I'd like to start a thread to discuss merging the HDFS-8707 aka libhdfs++
into trunk (as a beta release).

libhdfs++ is an HDFS client written in C++ designed to be used in
applications that are written in non-JVM based languages.  In its current
state it supports kerberos authenticated reads from HDFS and has been used
in production clusters for over a year so it has had a significant amount
of burn-in time.  The HDFS-8707 branch has been around for about 2 years
now so I'd like to know people's thoughts on what it would take to merge in
the current branch and possibly start a new one for handling writes and
encrypted reads.

Current features:
  -A libhdfs/libhdfs3 compatible C API that allows libhdfs++ to serve as a
drop-in replacement for clients that only need read support
  -An asynchronous C++ API with synchronous shims on top if the client
application wants to do blocking operations.  Internally a single thread
(optionally more) uses select/epoll by way of boost::asio to watch
thousands of sockets without the overhead of spawning threads to emulate
async operation.
  -Kerberos/SASL authentication support
  -HA namenode support
  -A set of utility programs that mirror the HDFS CLI utilities e.g.
"./hdfs dfs -chmod".  The major benefit of these is the tool startup time
is ~3 orders of magnitude faster (<1ms vs hundreds of ms) and occupies a
lot less memory since it isn't dealing with the JVM.  This makes it
possible to do things like write a simple bash script that stats a file,
applies some rules to the result, and decides if it should move it in a way
that scales to thousands of files without being penalized with O(N) JVM
startups.
  -Cancelable reads.  This has proven to be very useful in multiuser
applications that (pre)fetch large blocks of data but need to remain
responsive for interactive users.  Rather than waiting for a large and/or
slow read to finish it will return immediately and the associated resources
(buffer, file descriptor) become available for the rest of the application
to use.

There's a few known issues that prevent a merge of the branch as-is,
notably that it's lagging extremely far behind trunk - HDFS-12110.  There's
a patch up to get in sync but that's waiting on CI tests to be unstuck -
HDFS-12640, which I haven't been able to figure out (if anyone has tips for
investigating this I'd really appreciate it).  The other two issues that
have been raised are that headers and docs aren't being exported to the
correct places when building a distro which will be straightforward to fix
once the rebase is done.

Thanks!

Fwd: [DISCUSS] Merging libhdfs++ (HDFS-8707) into trunk

Posted by Roman Shaposhnik <ro...@shaposhnik.org>.

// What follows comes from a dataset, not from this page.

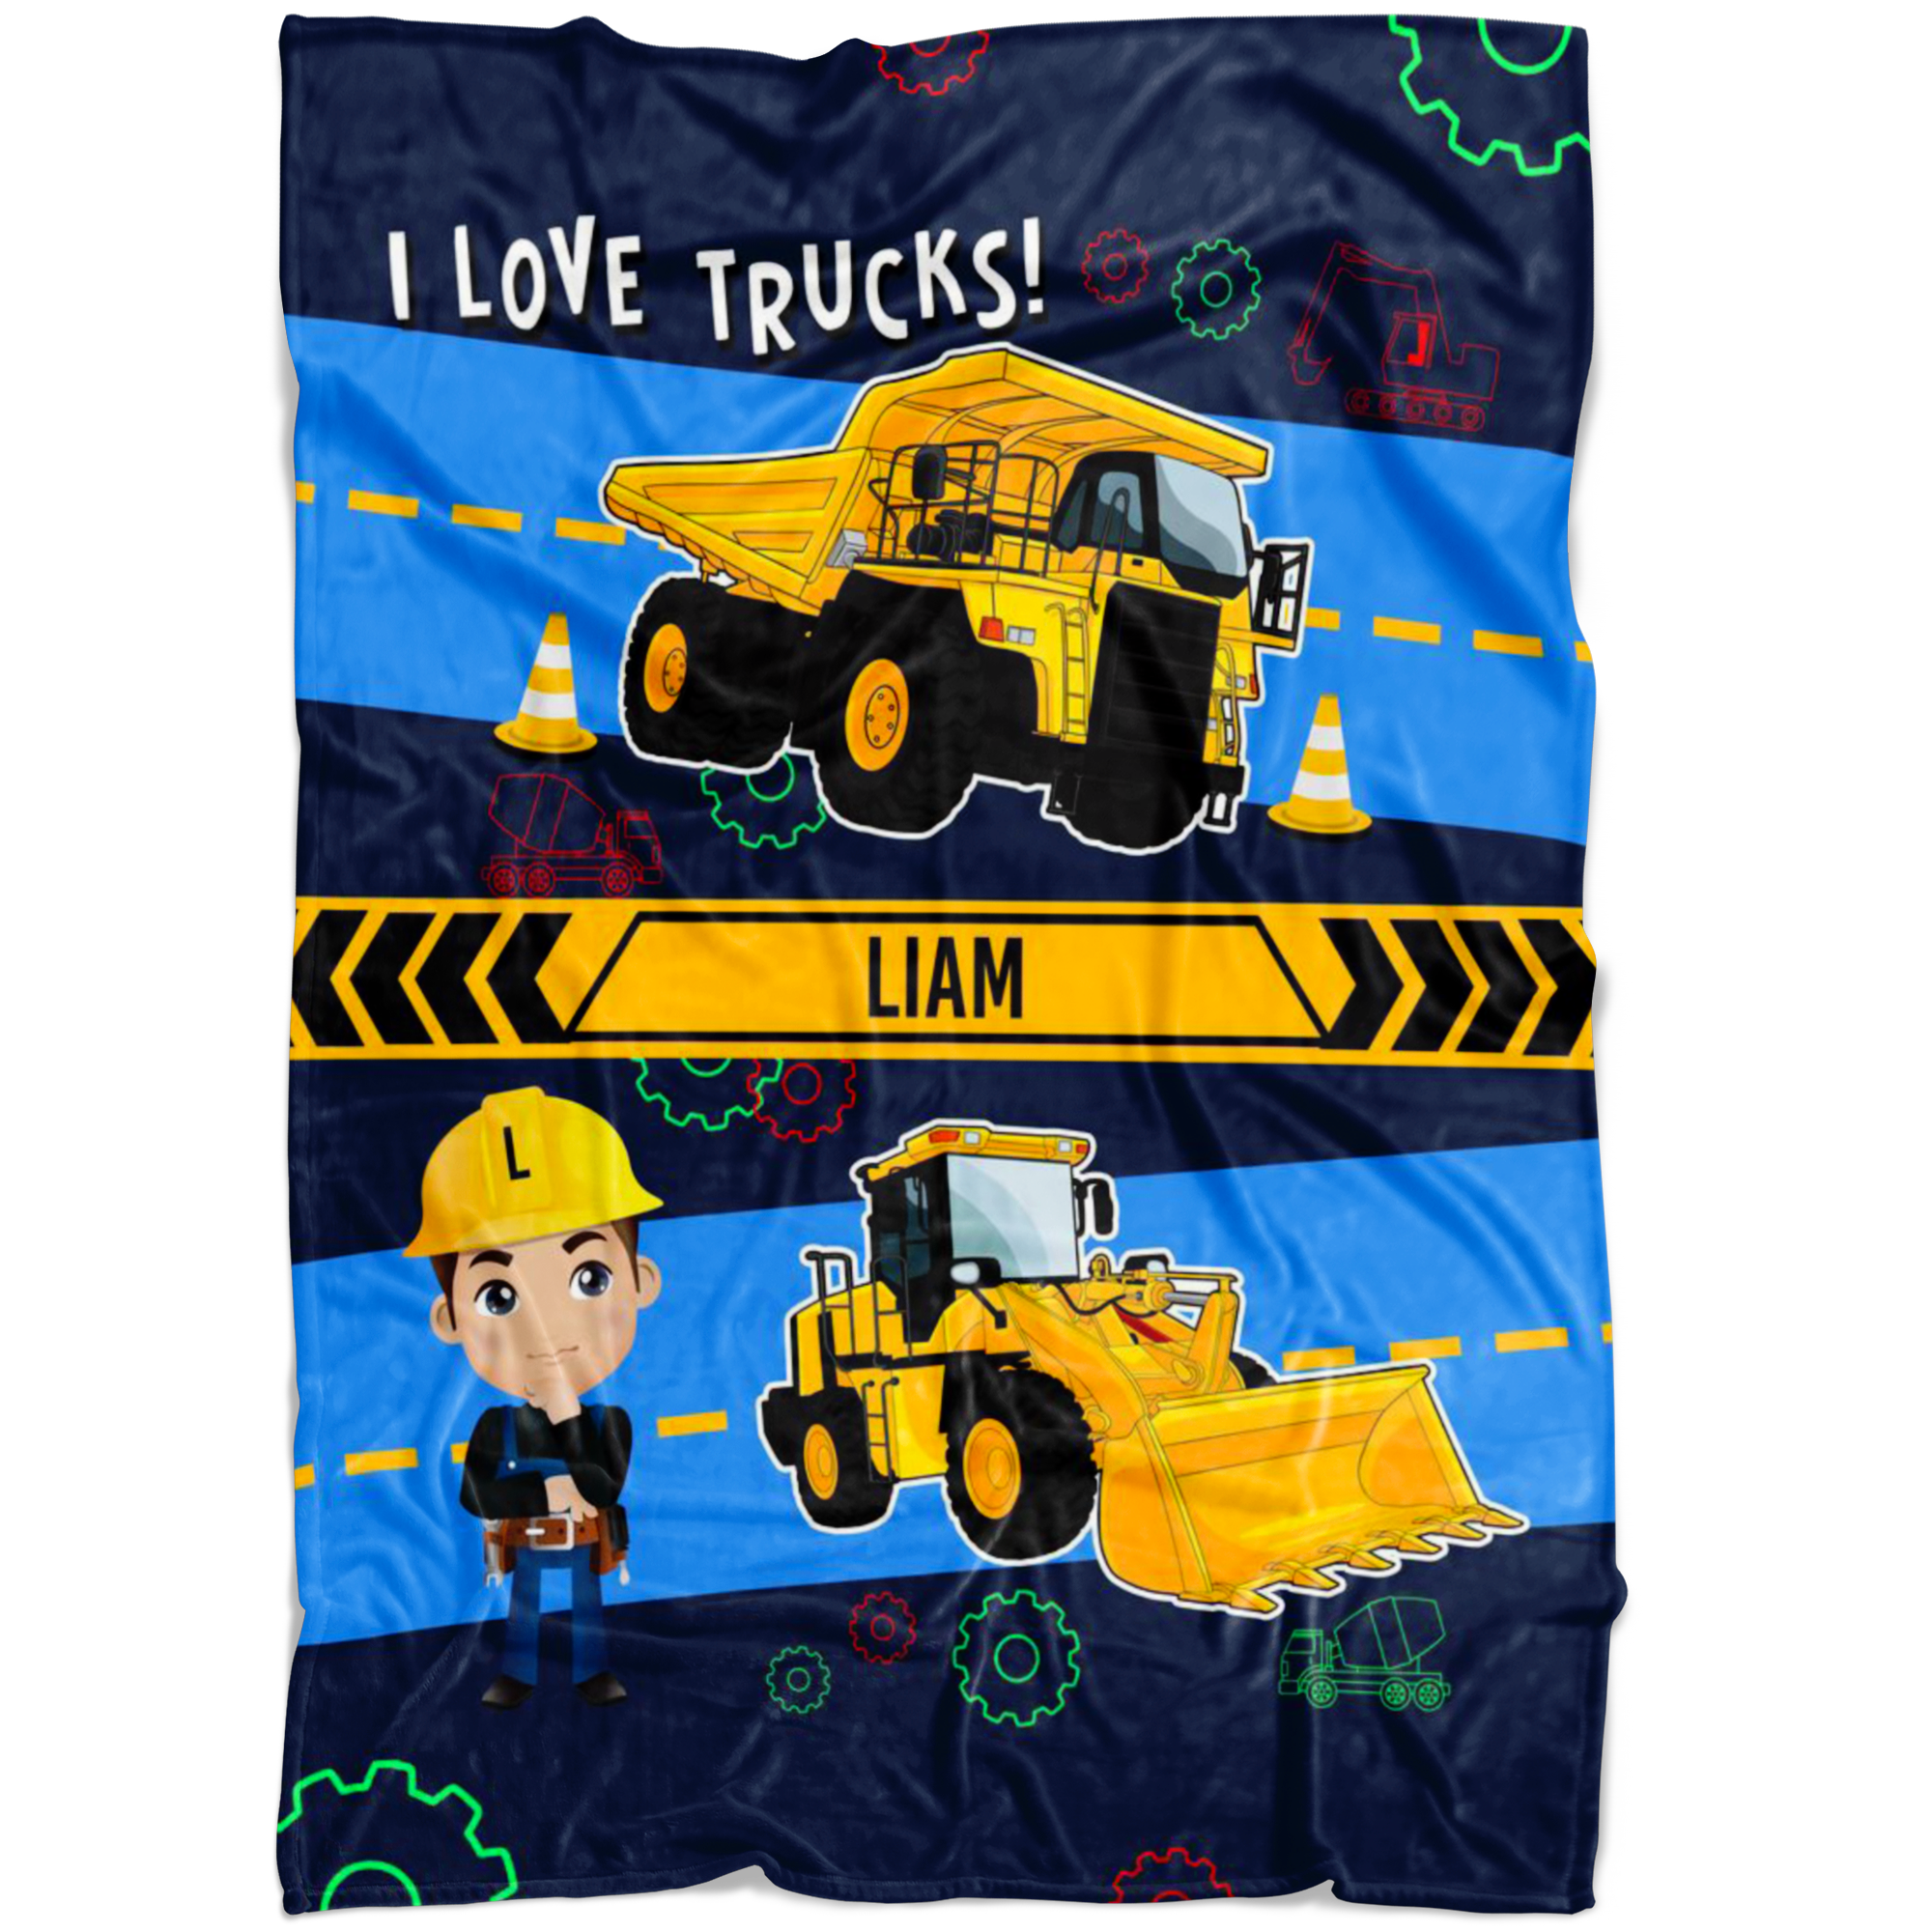 Personalized Name I Love Trucks Blanket for Boys & Girls with Character Personalization - Liam

FYI: a native C++ libhdfs is coming into trunk soon

Thanks,
Roman.

---------- Forwarded message ----------
From: Jim Clampffer <ja...@gmail.com>
Date: Wed, Oct 25, 2017 at 12:52 PM
Subject: [DISCUSS] Merging libhdfs++ (HDFS-8707) into trunk
To: hdfs-dev@hadoop.apache.org

Hi everyone,

I'd like to start a thread to discuss merging the HDFS-8707 aka libhdfs++
into trunk (as a beta release).

libhdfs++ is an HDFS client written in C++ designed to be used in
applications that are written in non-JVM based languages.  In its current
state it supports kerberos authenticated reads from HDFS and has been used
in production clusters for over a year so it has had a significant amount
of burn-in time.  The HDFS-8707 branch has been around for about 2 years
now so I'd like to know people's thoughts on what it would take to merge in
the current branch and possibly start a new one for handling writes and
encrypted reads.

Current features:
  -A libhdfs/libhdfs3 compatible C API that allows libhdfs++ to serve as a
drop-in replacement for clients that only need read support
  -An asynchronous C++ API with synchronous shims on top if the client
application wants to do blocking operations.  Internally a single thread
(optionally more) uses select/epoll by way of boost::asio to watch
thousands of sockets without the overhead of spawning threads to emulate
async operation.
  -Kerberos/SASL authentication support
  -HA namenode support
  -A set of utility programs that mirror the HDFS CLI utilities e.g.
"./hdfs dfs -chmod".  The major benefit of these is the tool startup time
is ~3 orders of magnitude faster (<1ms vs hundreds of ms) and occupies a
lot less memory since it isn't dealing with the JVM.  This makes it
possible to do things like write a simple bash script that stats a file,
applies some rules to the result, and decides if it should move it in a way
that scales to thousands of files without being penalized with O(N) JVM
startups.
  -Cancelable reads.  This has proven to be very useful in multiuser
applications that (pre)fetch large blocks of data but need to remain
responsive for interactive users.  Rather than waiting for a large and/or
slow read to finish it will return immediately and the associated resources
(buffer, file descriptor) become available for the rest of the application
to use.

There's a few known issues that prevent a merge of the branch as-is,
notably that it's lagging extremely far behind trunk - HDFS-12110.  There's
a patch up to get in sync but that's waiting on CI tests to be unstuck -
HDFS-12640, which I haven't been able to figure out (if anyone has tips for
investigating this I'd really appreciate it).  The other two issues that
have been raised are that headers and docs aren't being exported to the
correct places when building a distro which will be straightforward to fix
once the rebase is done.

Thanks!